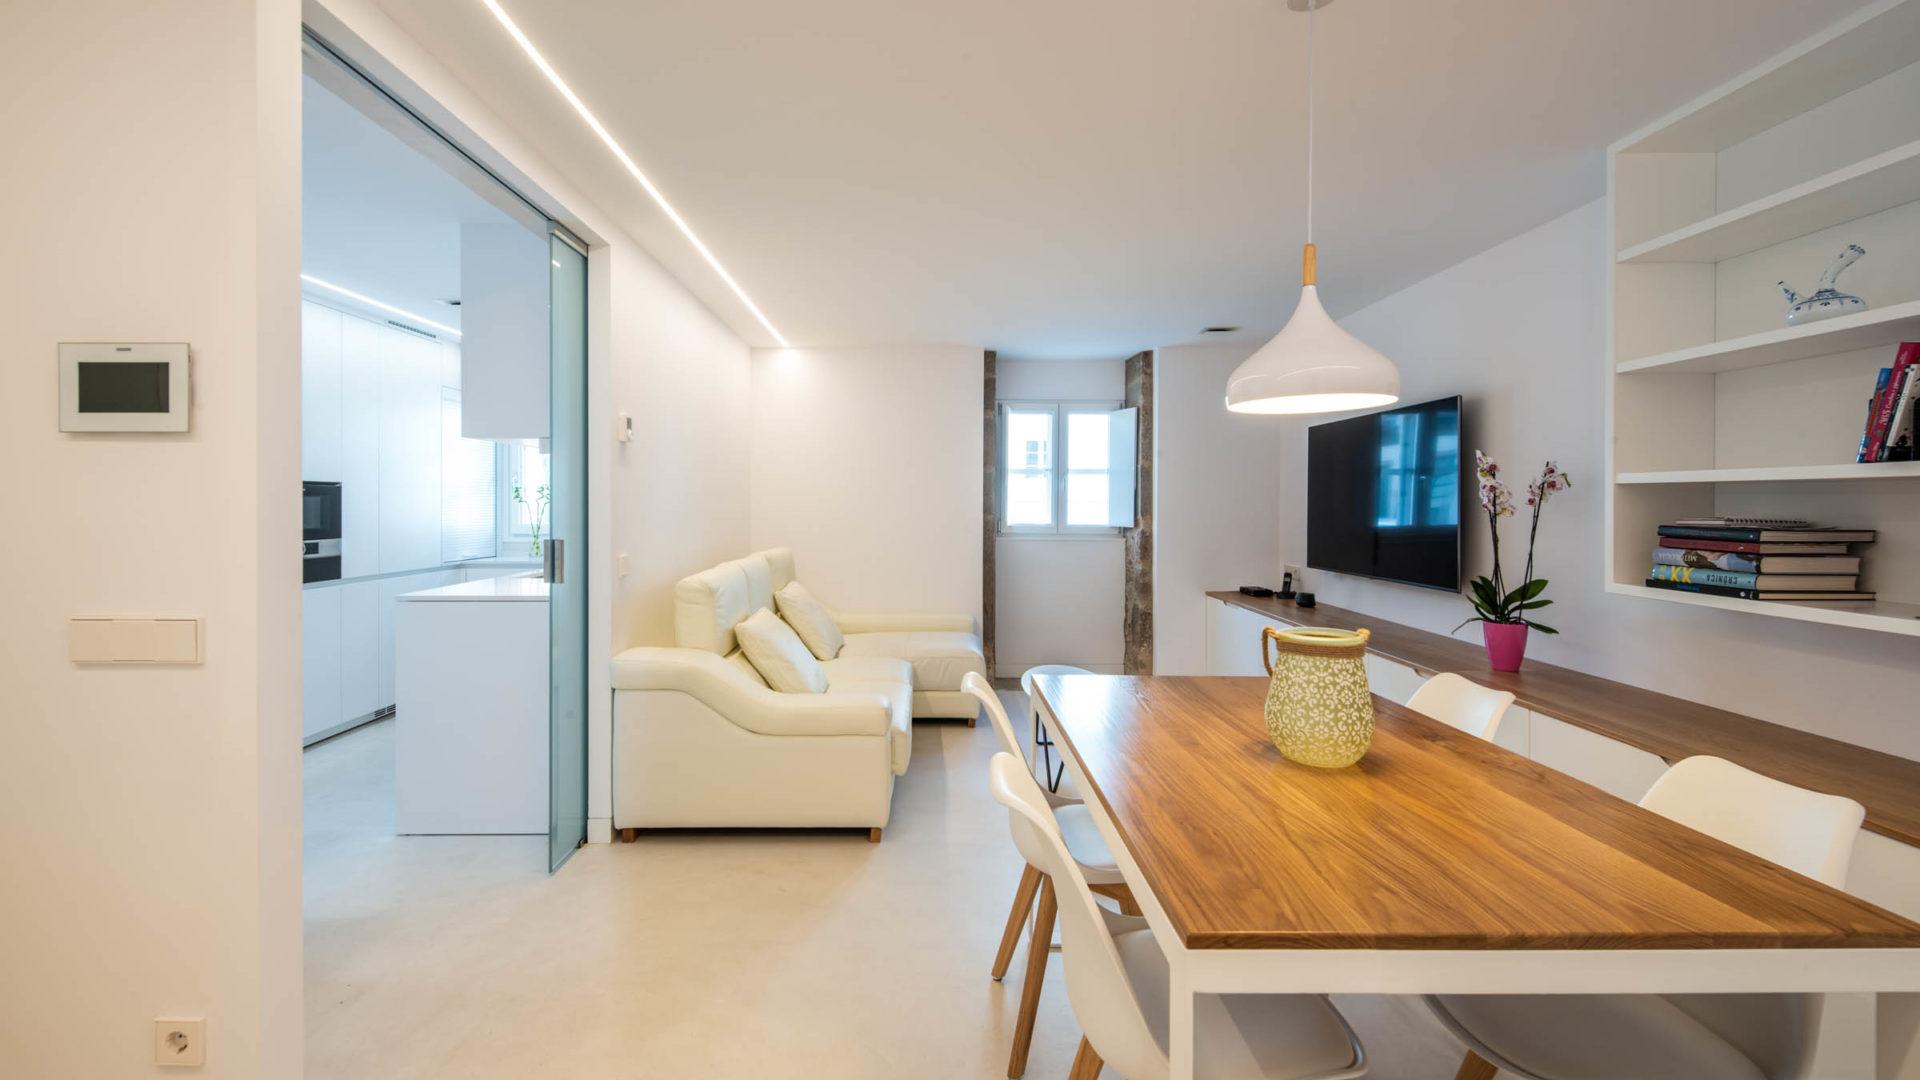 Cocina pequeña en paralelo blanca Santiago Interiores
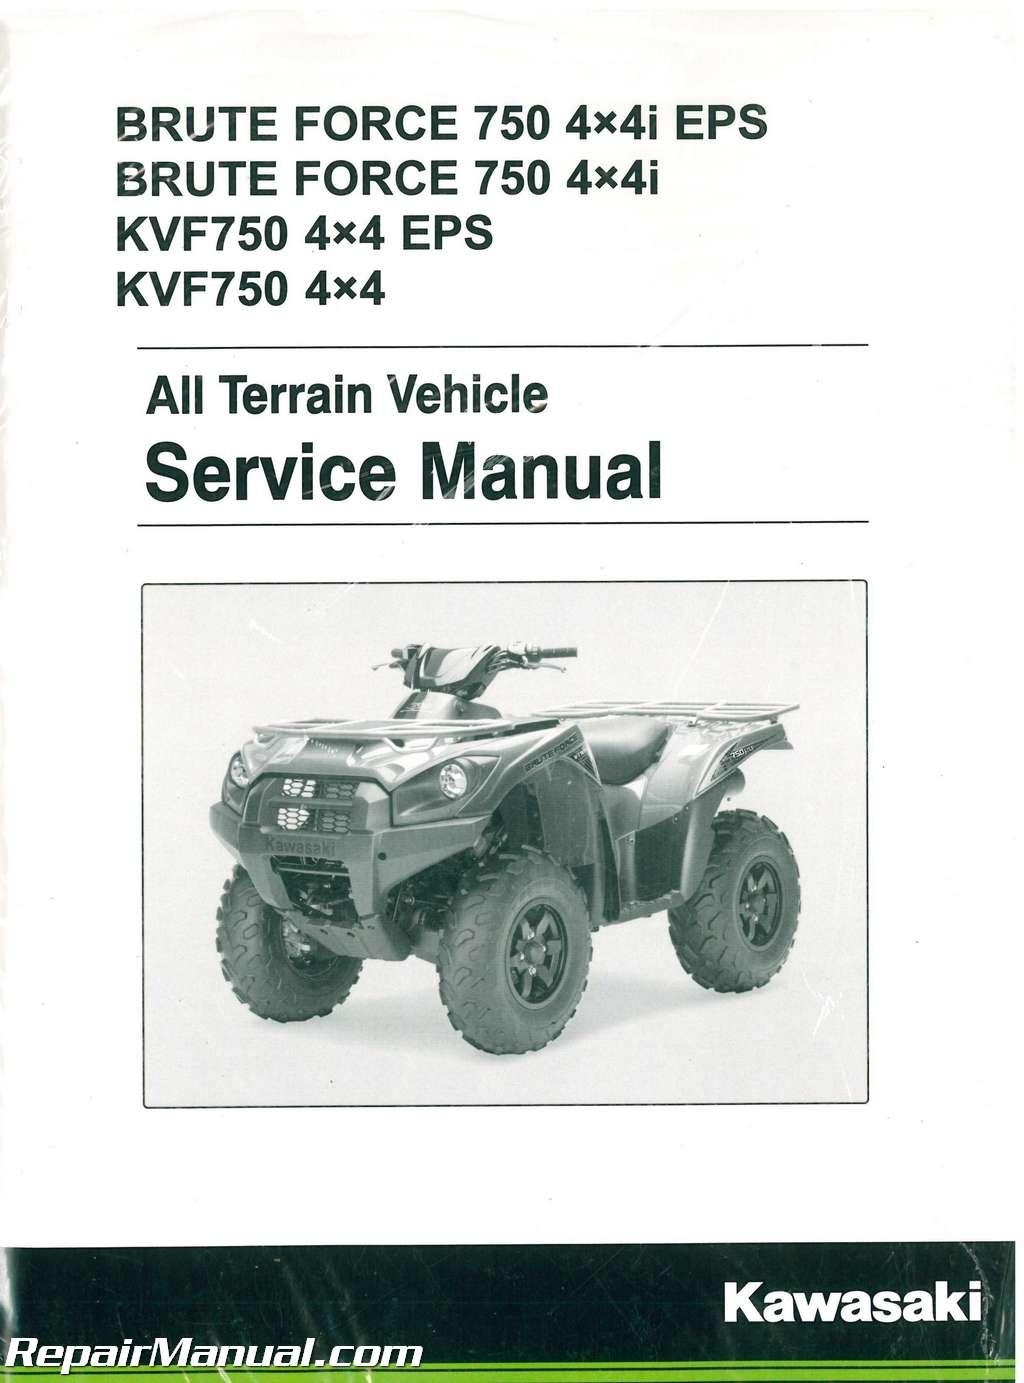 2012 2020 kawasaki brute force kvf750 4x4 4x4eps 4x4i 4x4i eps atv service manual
...
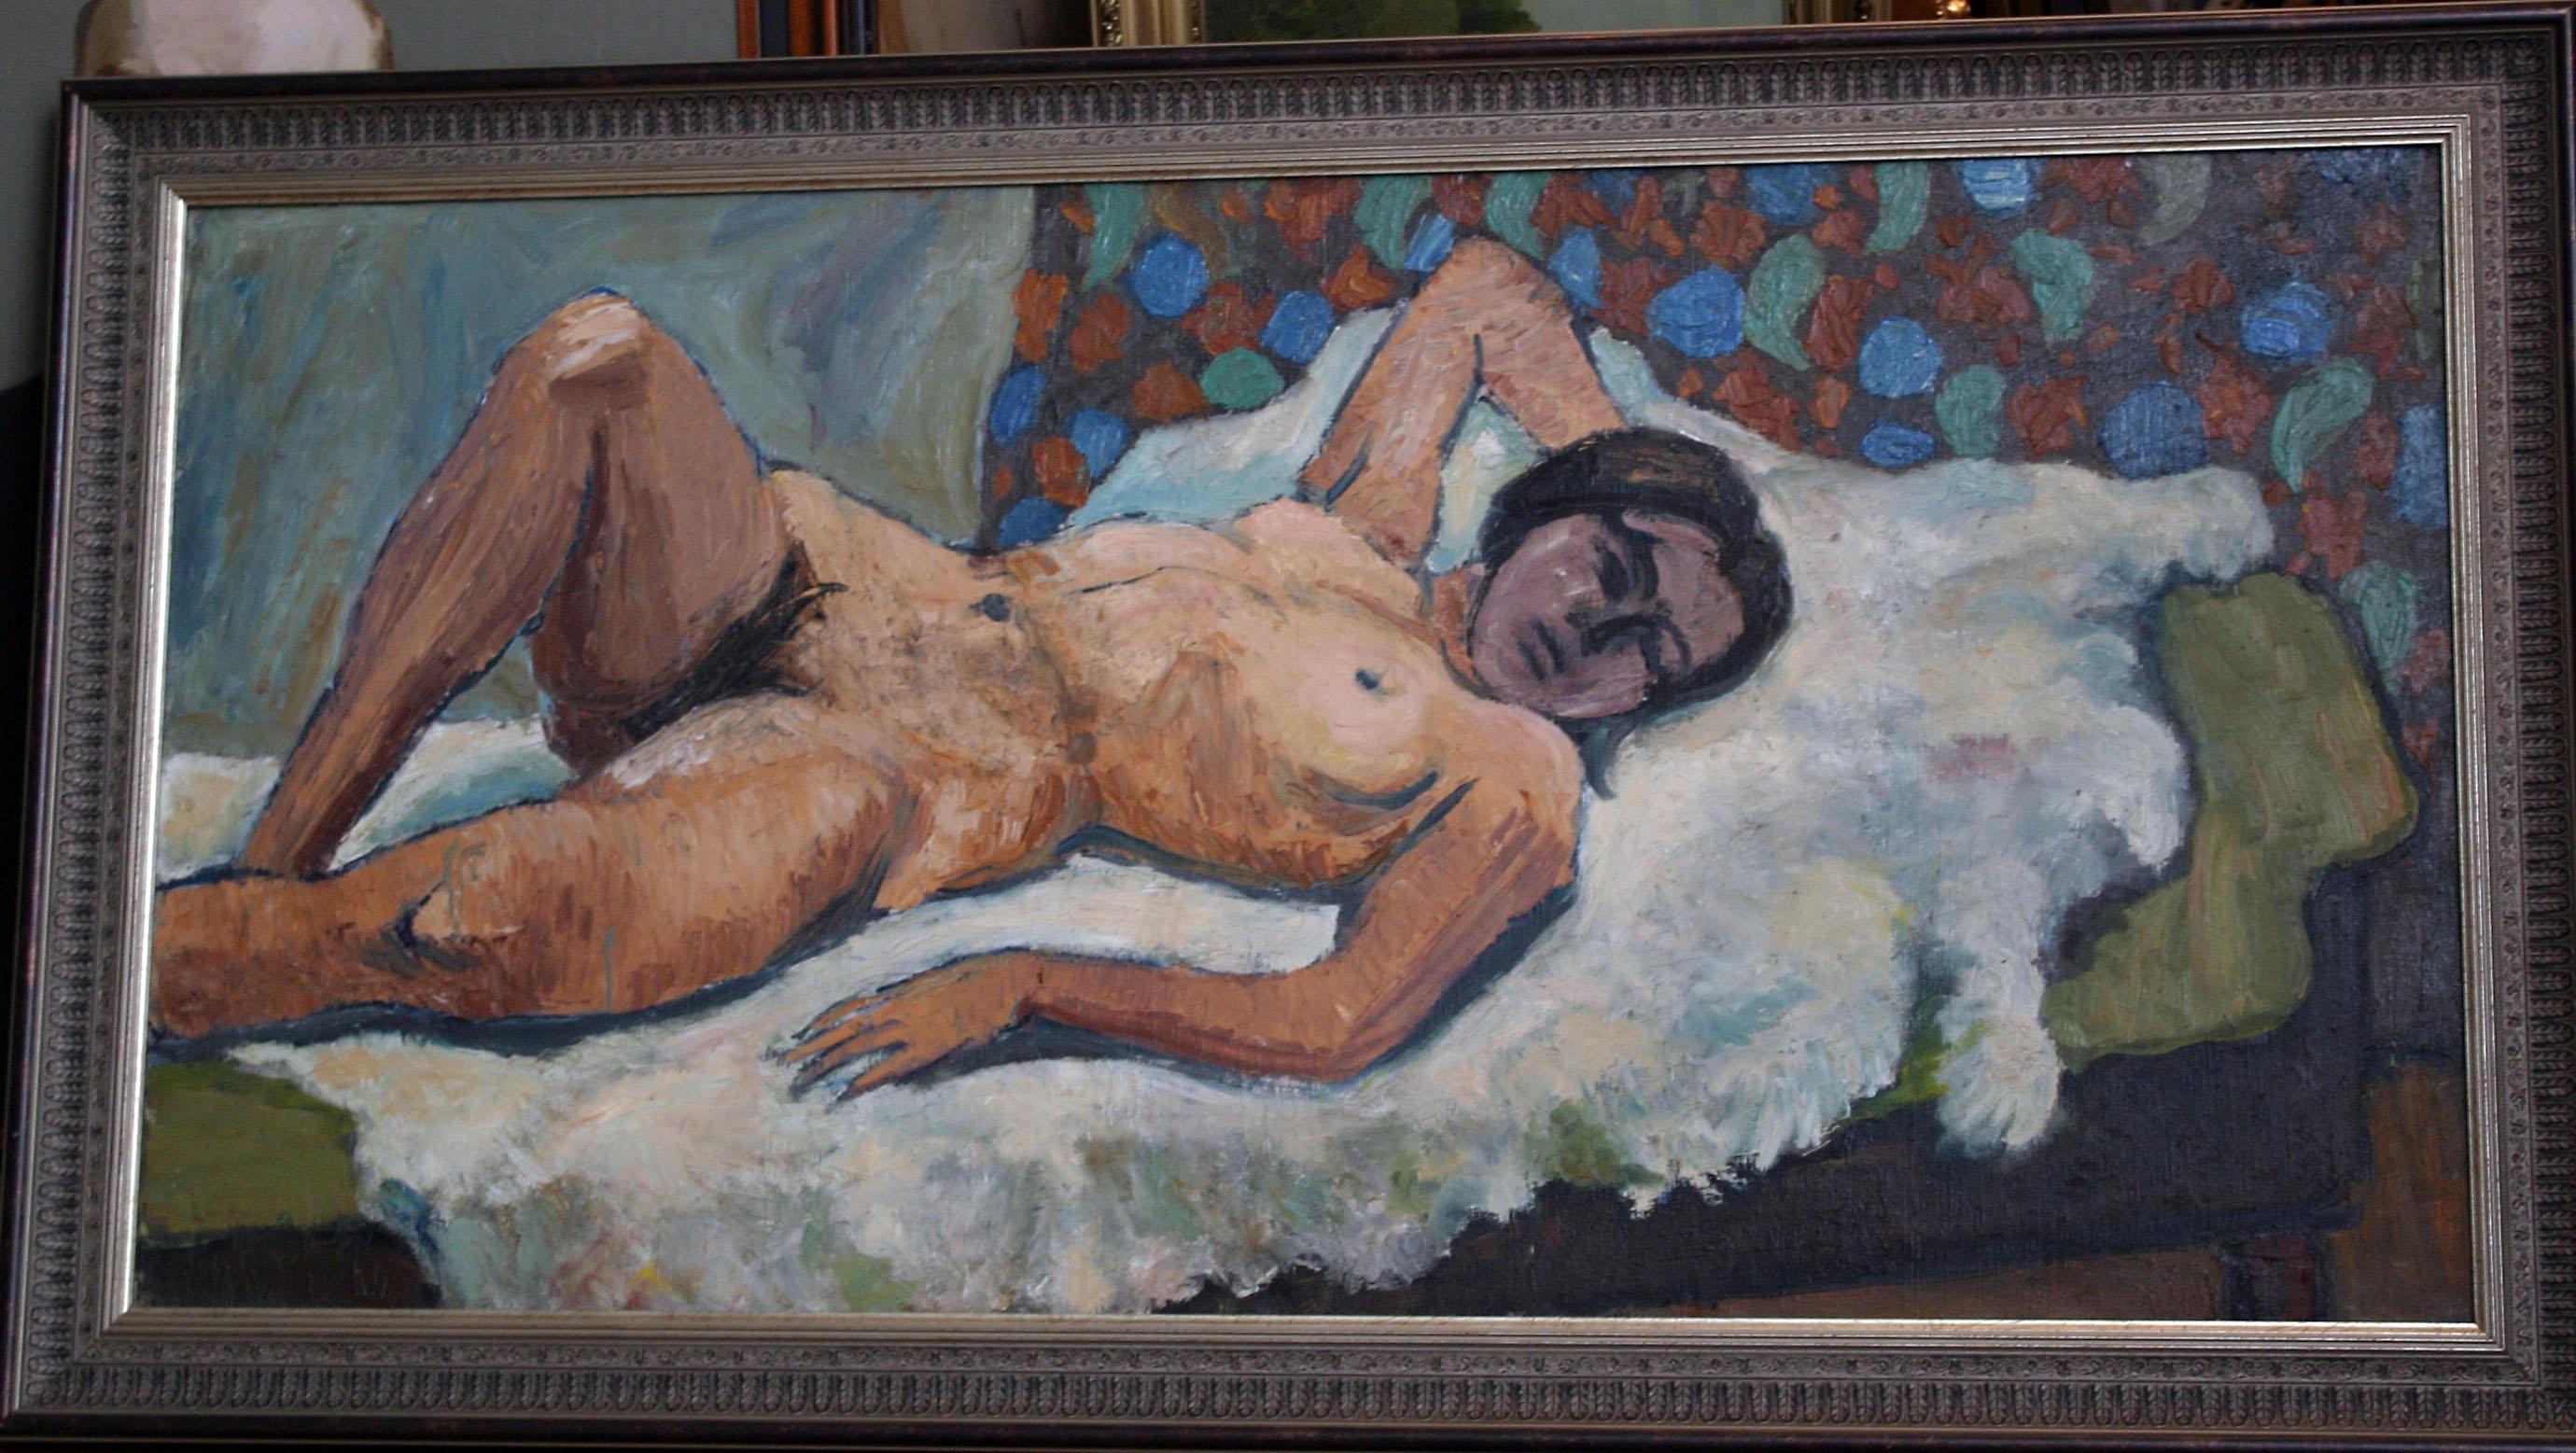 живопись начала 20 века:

INSTRUCTIONS FOR THE TASK ::
From the records above, copy only the lines running from the line holding "Cocina pequeña en" through the line holding "2012 2020 kawasaki", with no pictures.

WRITTEN RESPONSE ::
 Cocina pequeña en paralelo blanca Santiago Interiores
 2012 2020 kawasaki brute force kvf750 4x4 4x4eps 4x4i 4x4i eps atv service manual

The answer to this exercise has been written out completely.